Angie threw her arms around me from behind. “I love you too, sweetheart. Thank goodness you’re all right!”

I was relieved
she
wasn’t hurt. “When did you get home, Angie? I was worried sick they’d round you up too.”

“Katie and I had lunch, then I went shopping, so I didn’t get home until around four. You okay, Garth? Did they hurt you?” She ran fingers through my hair, presumably looking for bullet holes or something.
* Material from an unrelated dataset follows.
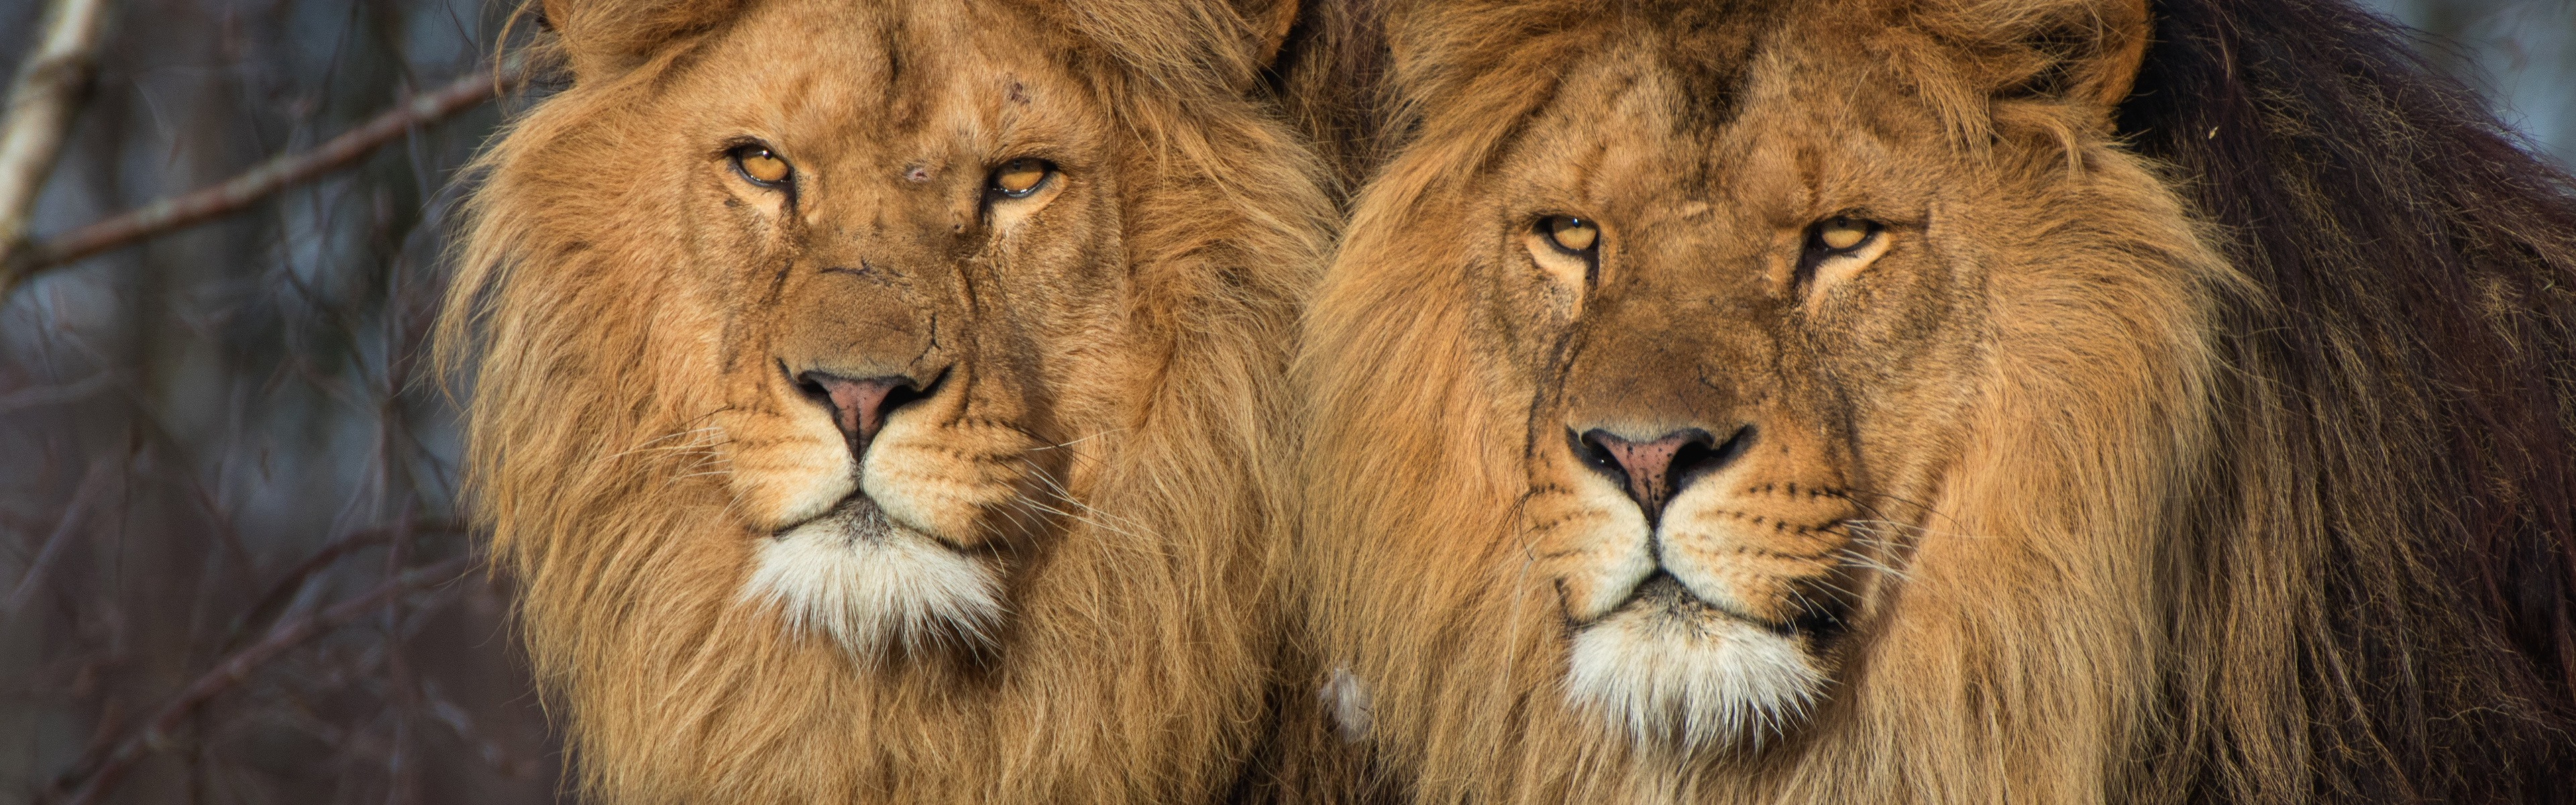 8k Animal Wallpaper Download: Wallpaper Two Lions, Wildlife 3840x2160 UHD 4K Picture, Image
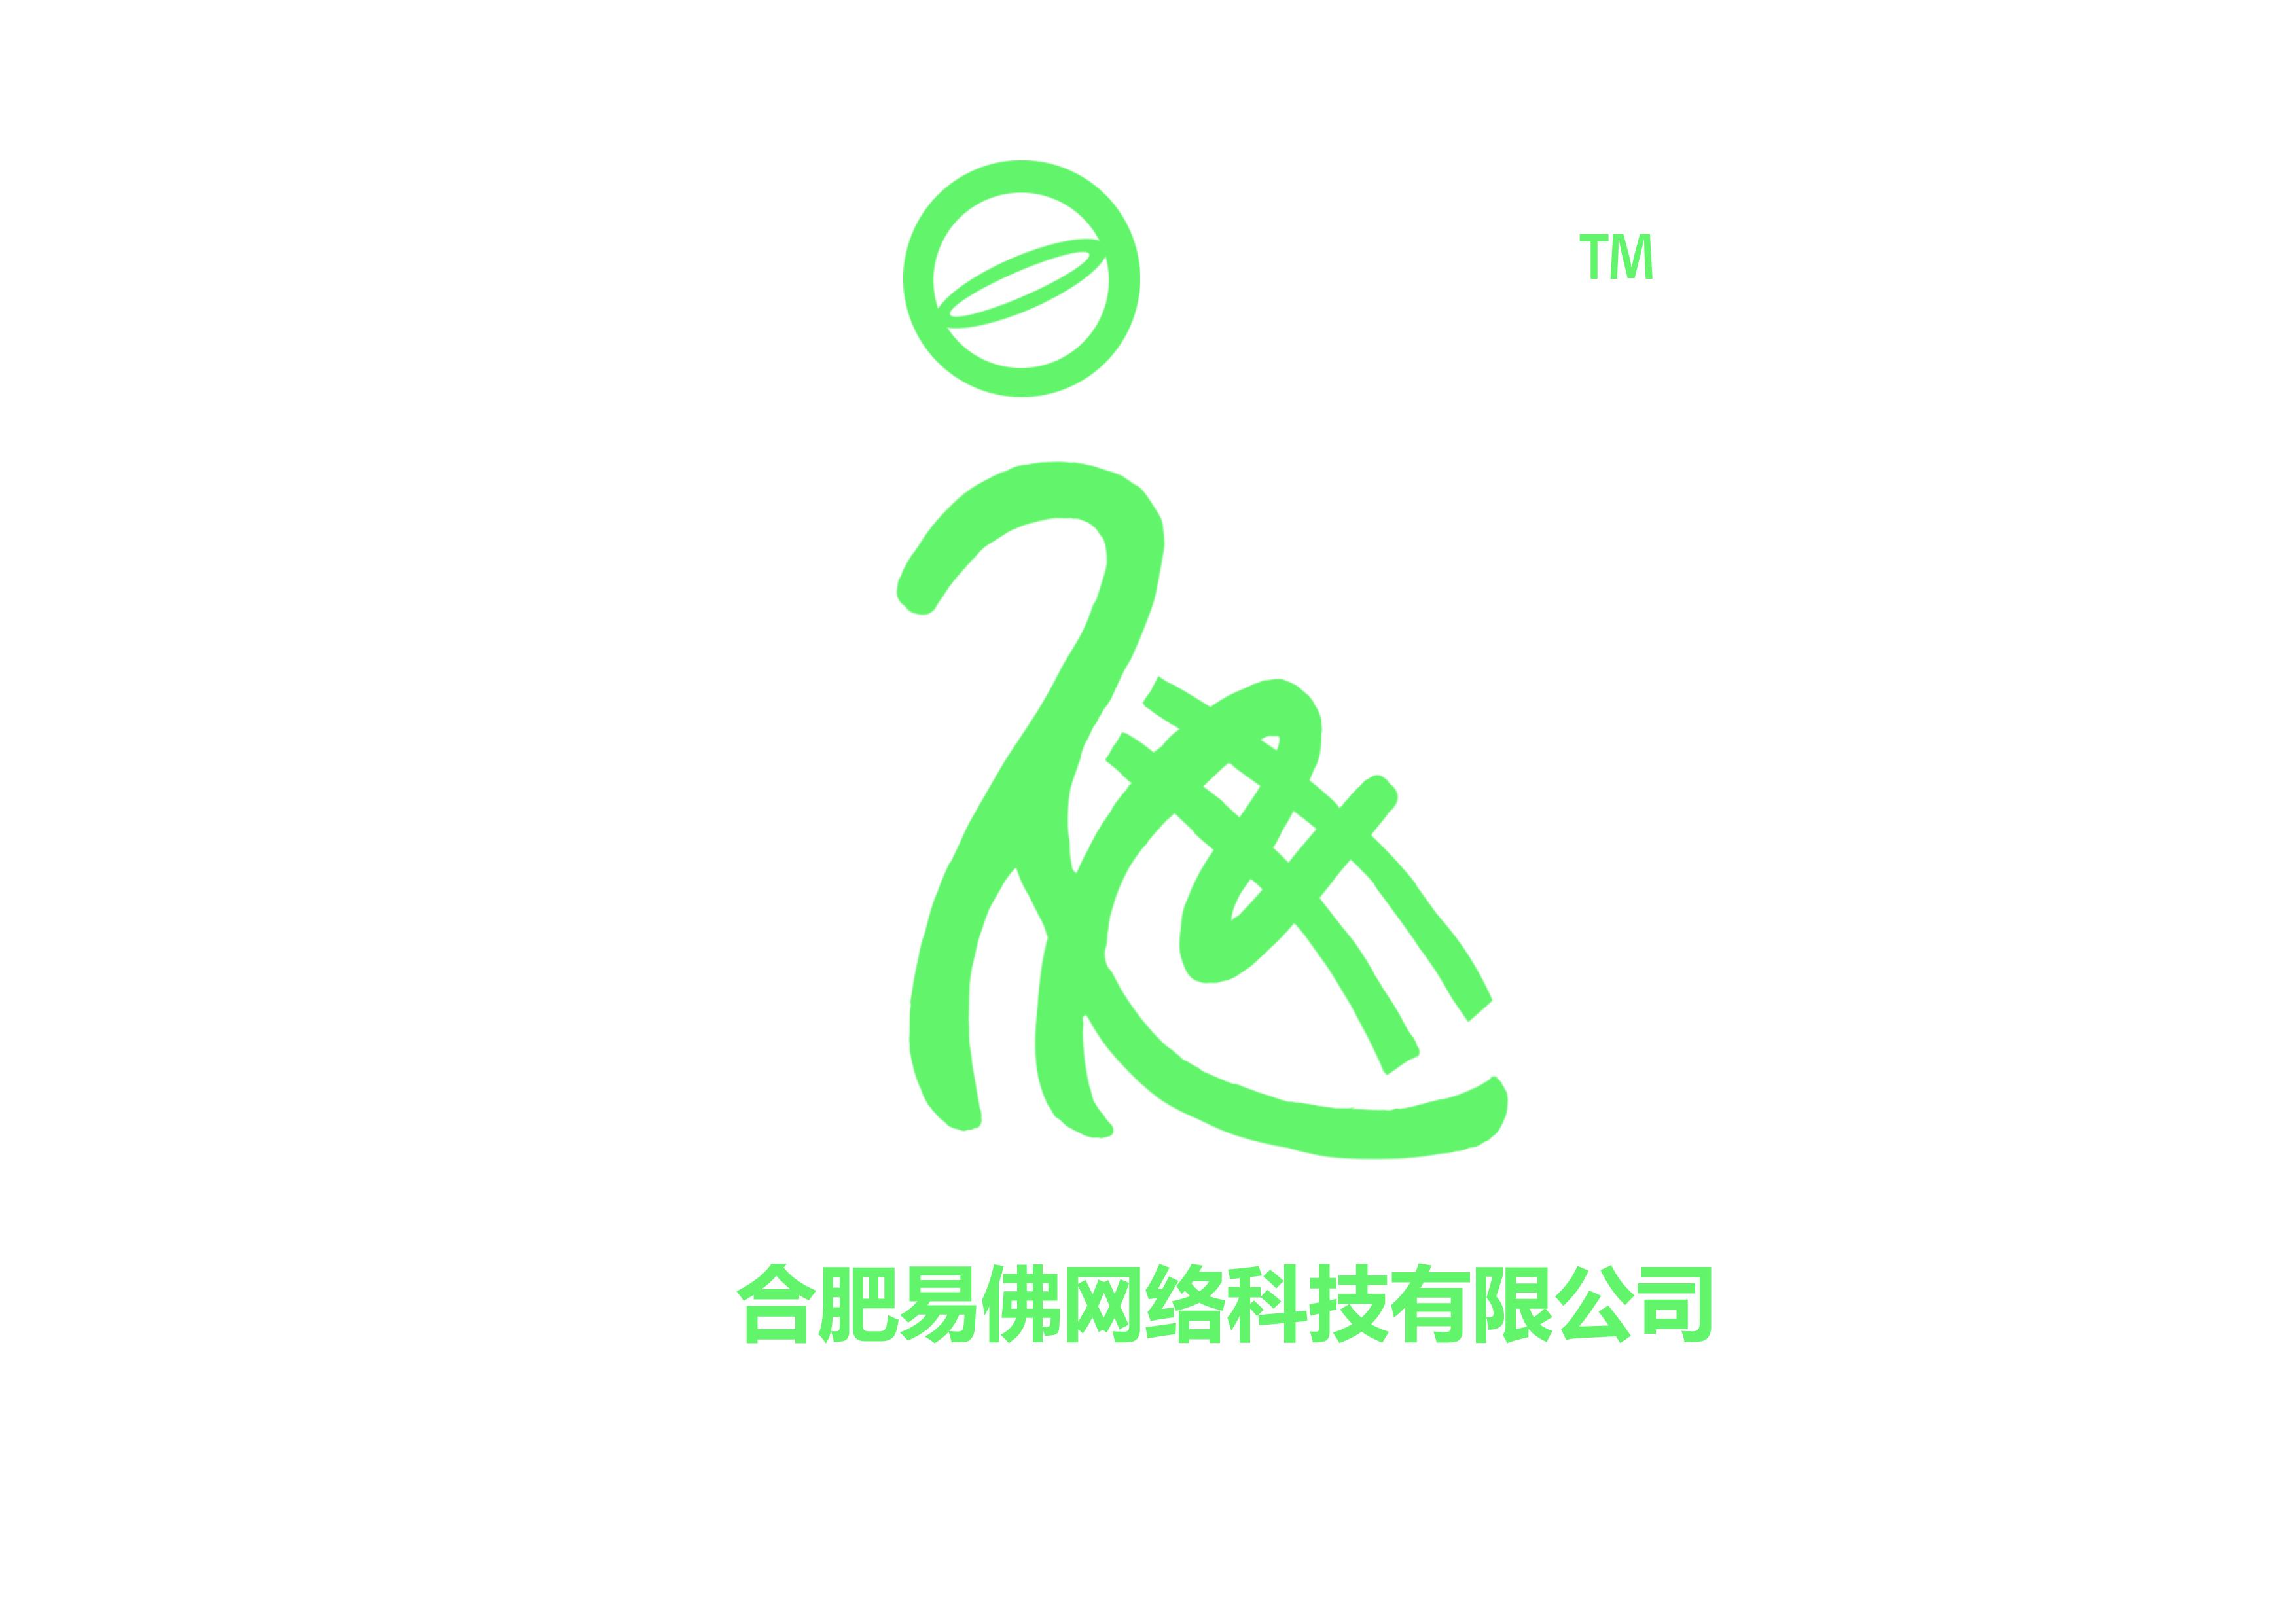 logo logo 标志 设计 图标 3508_2480

“They thought about it, but no, I’m okay. Where are the police, for Pete’s sake?”

“The cops?” Nicholas sneered. “The cops would still have us downtown trying to convince them we were for real. There was no time for them. So where is Pipsqueak?”

“Back at the apartment. Under the floorboards, under Fred. But let’s talk about your little bird, your informant Vito.”

Nicholas paused. “Yeah?”

“I guess your bug didn’t hear my conversation with Vito?”

“Must have been too far underground. You didn’t tell him where Pipsqueak is, did you?”

“No. But that’s how I got it. Apparently he turned Sloan, who was trying to get Pipsqueak to you through me.”

“What happened to Sloan?”

“Last I saw they had him facedown in a mud bath.”

Nicholas gritted his teeth. “That’s bad. If Sloan talked . . .”

“Vito!” Angie said. “They might know Vito was an informer.”

“Better hurry. Those guys back there are going to drop a dime and they’ll be all over your place.”

We got there quick enough. Just too late.